Булгарин обращается с формой первого лица только как с внешней условностью, мало использует её существенные изобразительные возможности и применяет их самое большее для того, чтобы представить многочисленные собственные размышления в виде мыслей Выжигина. Насколько это характерно, показывает, например, последняя (седьмая) глава 3-й части. События в романе прерываются в начале данной главы, и автор набрасывает сатирическую «Картину большого света»[898]
, которая никак не связана напрямую с описанными ранее приключениями его героя. Все примеры, привлекаемые для разъяснения общественных недостатков – это не ранее изображённые переживания Выжигина, а изобретённые «примеры», в качестве таковых и комментируемые. Хотя приключения рассказчика от первого лица предлагали достаточно примеров для такой моральной «оценки», автор не обращается к эмоциям своего рассказчика, а тонет в общем моральном экскурсе, который простирается более чем на десять страниц. Только потом нить действия, выпущенную из рук в конце предшествующей главы, подхватывают снова. Но, чтобы снова установить связь, а также легитимизировать общие размышления в виде высказывания Выжигина, весь экскурс просто берётся в кавычки, и вслед за тем прибавляется замечание: «Вот что я написал в своей записной книжке, по прошествии двух лет от вступления моего в свет»[899].При этом нигде не упоминается, что Выжигин имел обыкновение вести дневник. Всё замечание начинается также риторическим оборотом, обращением к «моему читателю», мало пригодным для заметки в дневнике, но зато тем более типичным для резонёрствующего автора романа[900]
. Вставка своего рода заметки из дневника рассказчика в его собственный рассказ от первого лица не усилила здесь особую перспективу «Я». Напротив, это, как простой, легко разгадываемый монтаж, подчёркивает опустошение формы первого лица подобно тому, как она устанавливается вновь и вновь, будучи характерной для всего романа Булгарина.Но было бы несправедливо рассматривать роман Булгарина только или в основном с точки зрения несовершенной перспективы «Я». Правда, намерение автора предложить жизнеописание «обычного» человека, рассказанное им самим, не реализовано, но это намерение – не самая существенная задача романа. Важнее для самого Булгарина, как и для оценки его произведения – намерение дать сатирическое «Описание нравов» современного русского общества. При этом литературном постижении современного общества интересует не столько радикальная сатирическая полемика, сколько, скорее, само отчасти критическое, отчасти поучительное «Описание нравов».

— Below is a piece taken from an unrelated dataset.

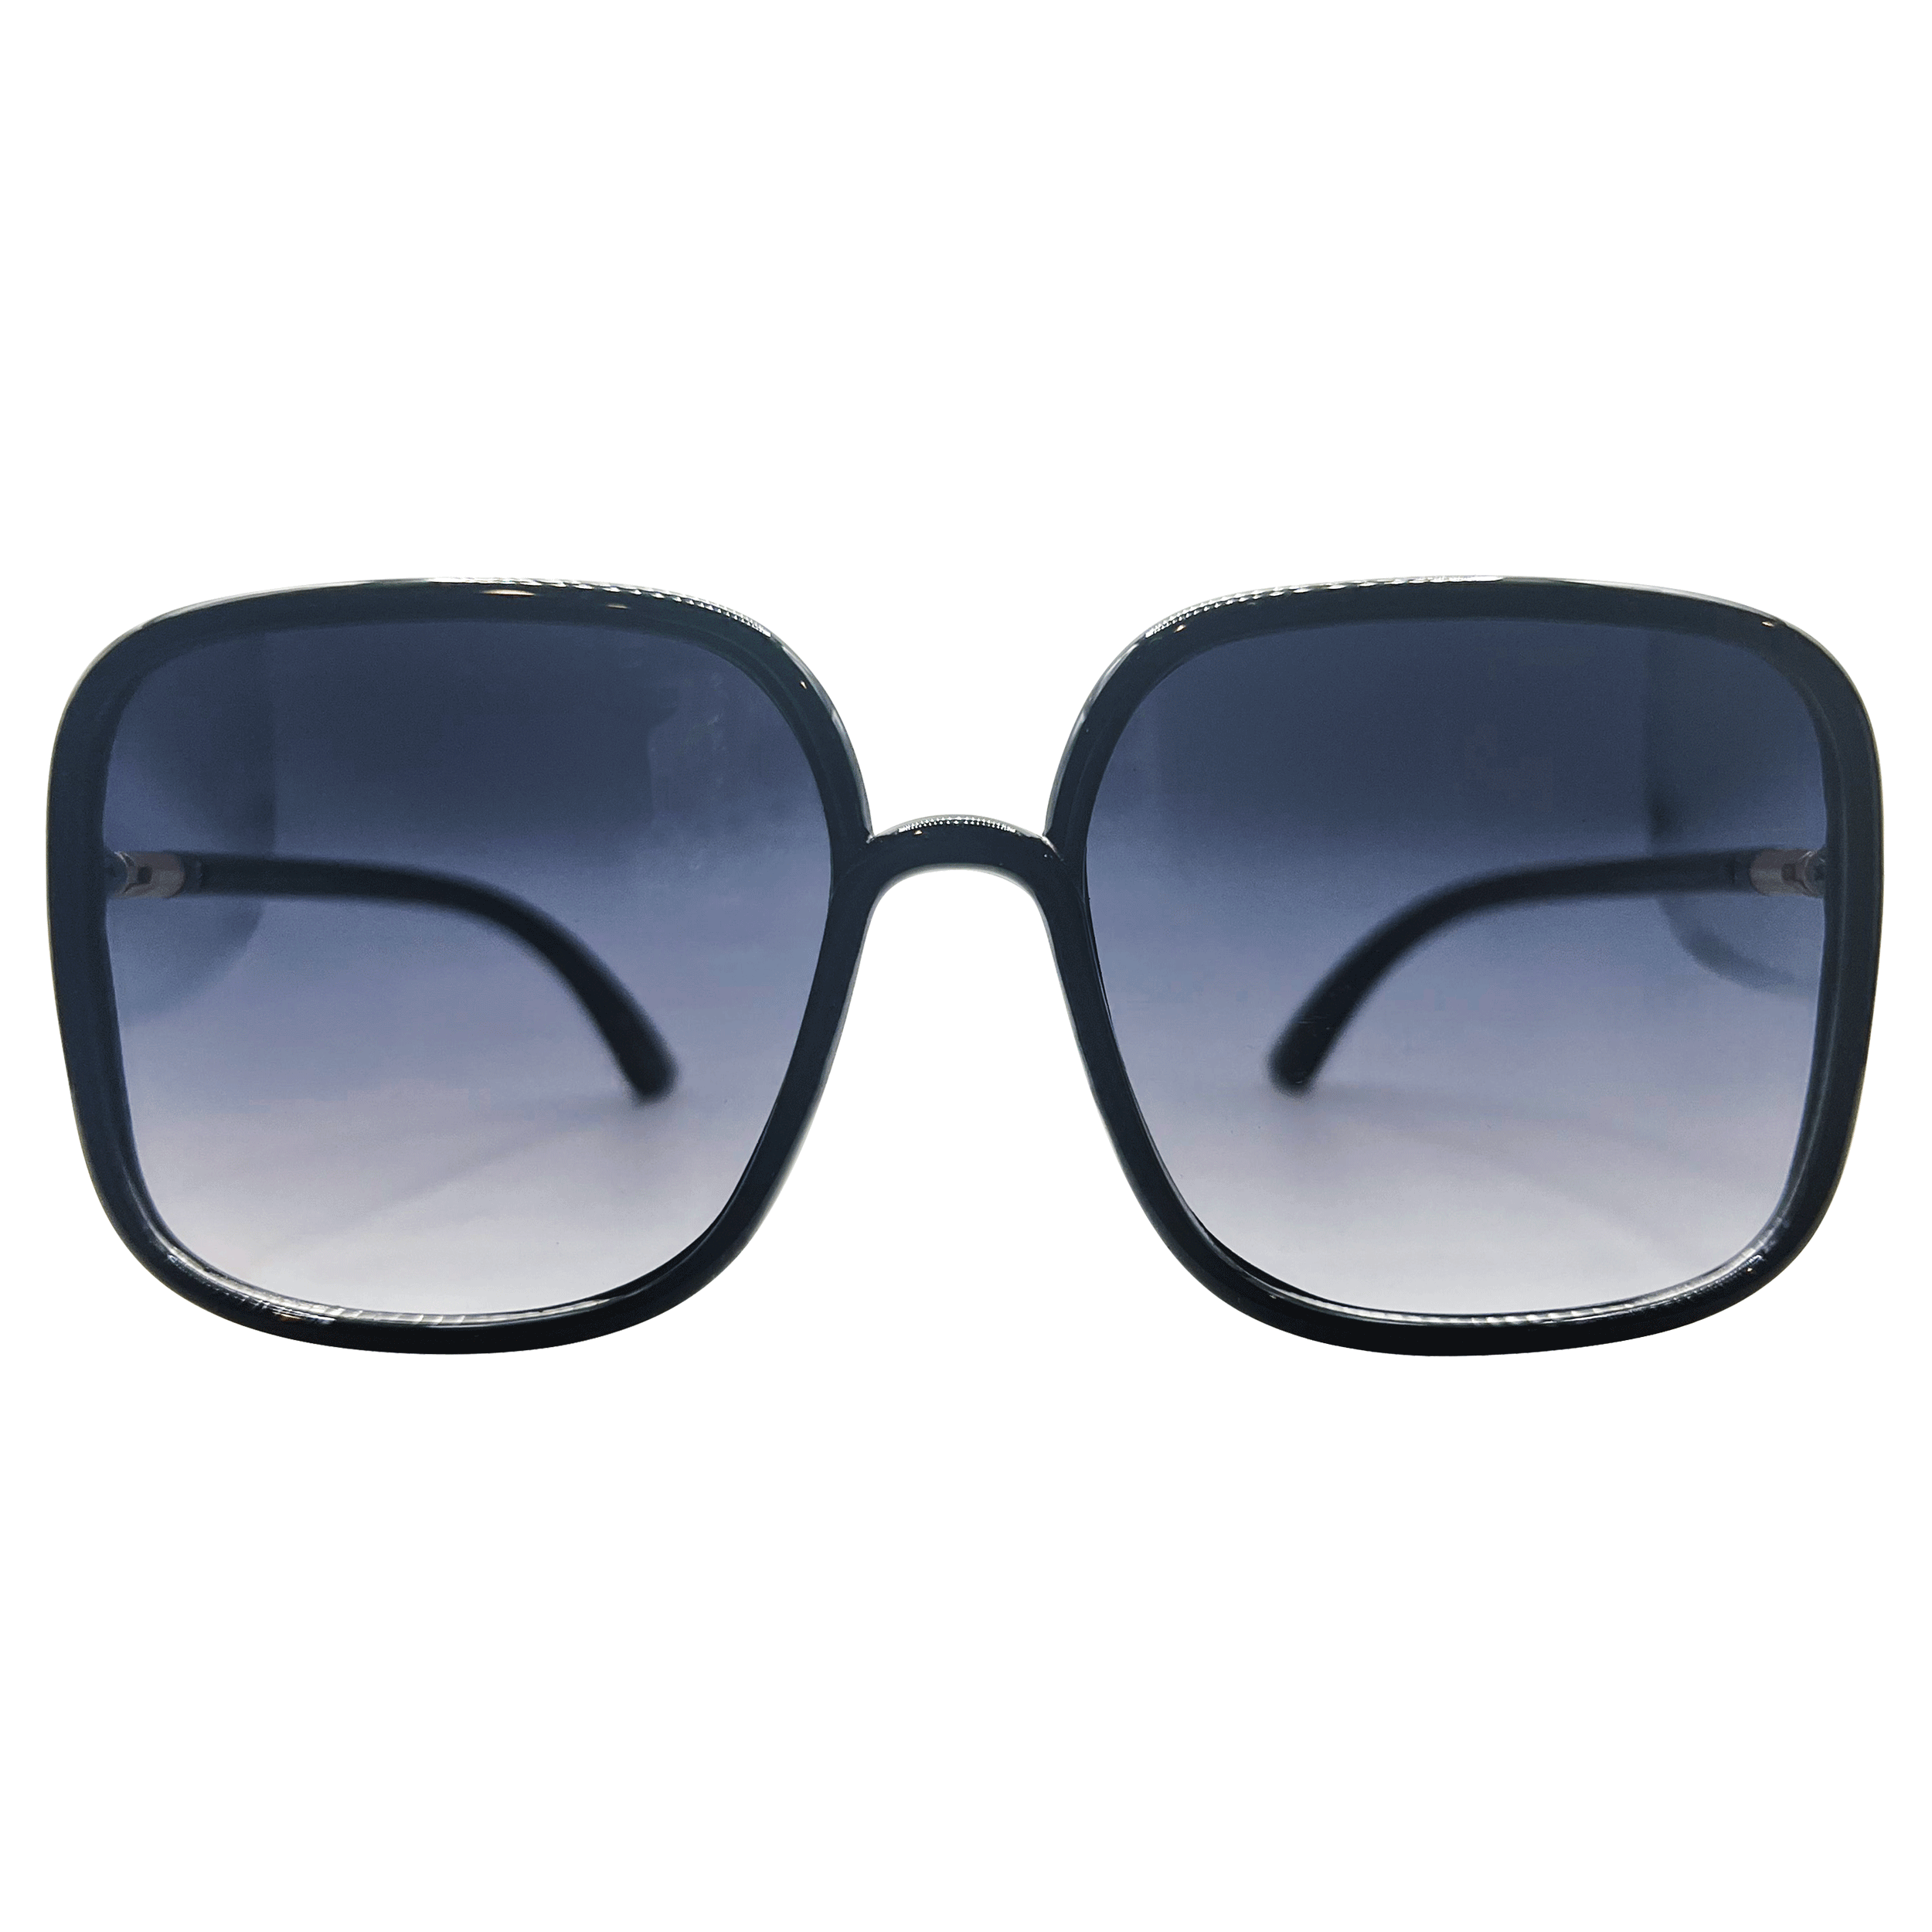 TOP NOTCH 70s Square Sunglasses

Погодин утверждает, пытаясь снять с Булгарина упрёк в оппортунизме, что «Выжигин» однозначно становится на сторону крестьян против помещиков и резко полемизирует против крепостничества[901]
. Но об этом не может быть и речи. Собственно, даже определённая критика в адрес самовластного дворянства после восстания декабристов 1825 г. не была неуместной, особенно для Булгарина, который одно время из-за своего знакомства с декабристами даже подозревался в заговоре. Но «Выжигин» не подчёркнуто продворянский, не подчёркнуто антидворянский и тем более не представляет собой полемику против крепостничества; в крайнем случае то здесь, то там подвергается критике «неправильное» обращение с крепостными крестьянами. Эта критика никогда не переходит границы общепринятого и безобидного. И в тех случаях, когда автор описывает жизнь русского крестьянина или вводит образы из простого народа, ощущается определённая симпатия, но она всегда имеет более сентиментально-патриотический, чем социально-критический характер[902]. Если Булгарин высмеивает и отвергает поведение помещика Глаздурина, то этот эпизод непосредственно предпосылается образу идеального русского помещика Россиянина, так что он с самого начала оказывается только негативным дополнением, а не принципиальной критикой самого сословия[903]. Неограниченные упрёки адресованы не русскому помещику, а польской землевладельческой знати в образе Гологордовского, которому, в противоположность Глаздурину, не противопоставлен положительный польский образ. В соответствии с этим также и польский еврей показан исключительно в отрицательных вариациях (сначала в образе еврейского «арендатора» Гологордовского, затем Мовши со всей его роднёй). Следовательно, Булгарин только там отваживается на прямую сатирическую полемику, где можно не бояться возражений со стороны русского читателя и властей, где, наоборот, он, происходящий из Польши, даже может доказать свою оторванность от польского прошлого и свой русский патриотизм. И если он уже хвалил у Жуи дополнение негативных примеров позитивными как тактику, цель которой – избежать оскорблений, то сам он доводит эту тактику до крайности. Она превращается у него просто-напросто в шаблон[904].